Instructions for Creating an Azure AD App:

  1. Sign in to the Azure Portal: Go to Azure Portal.
  2. Navigate to Azure Active Directory: On the left-hand menu, select "Azure Active Directory".
  3. Create a new Application: Under "App registrations," click on "New registration." Provide a name for your application and choose the appropriate settings for your environment.
  4. Set API Permissions: Once the app is created, navigate to the "API permissions" section. Add the necessary permissions listed above for the Microsoft Graph API.
  5. Grant Admin Consent: After adding the permissions, click "Grant admin consent for [Tenant Name]" to ensure that the application has the necessary access.

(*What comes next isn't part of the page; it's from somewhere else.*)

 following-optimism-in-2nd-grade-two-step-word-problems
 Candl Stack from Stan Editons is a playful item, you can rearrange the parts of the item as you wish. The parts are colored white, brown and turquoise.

Step 2: Creating a Client Secret

The next step is to create a client secret for your Azure AD application, which will allow you to authenticate and generate an access token to interact with the Microsoft Graph API.

  1. Navigate to Certificates & Secrets: In your Azure AD application, go to "Certificates & secrets."
  2. Create a New Client Secret: Under "Client secrets," click on "New client secret." Provide a description and set the expiration.
  3. Save the Client Secret: After creating the client secret, make sure to copy it immediately. You won’t be able to view it again after navigating away.

Step 3: PowerShell Script for OneDrive Sharing Report

Once you have your Azure AD application and client secret, you can use the following PowerShell script to query and retrieve the sharing permissions for files in OneDrive.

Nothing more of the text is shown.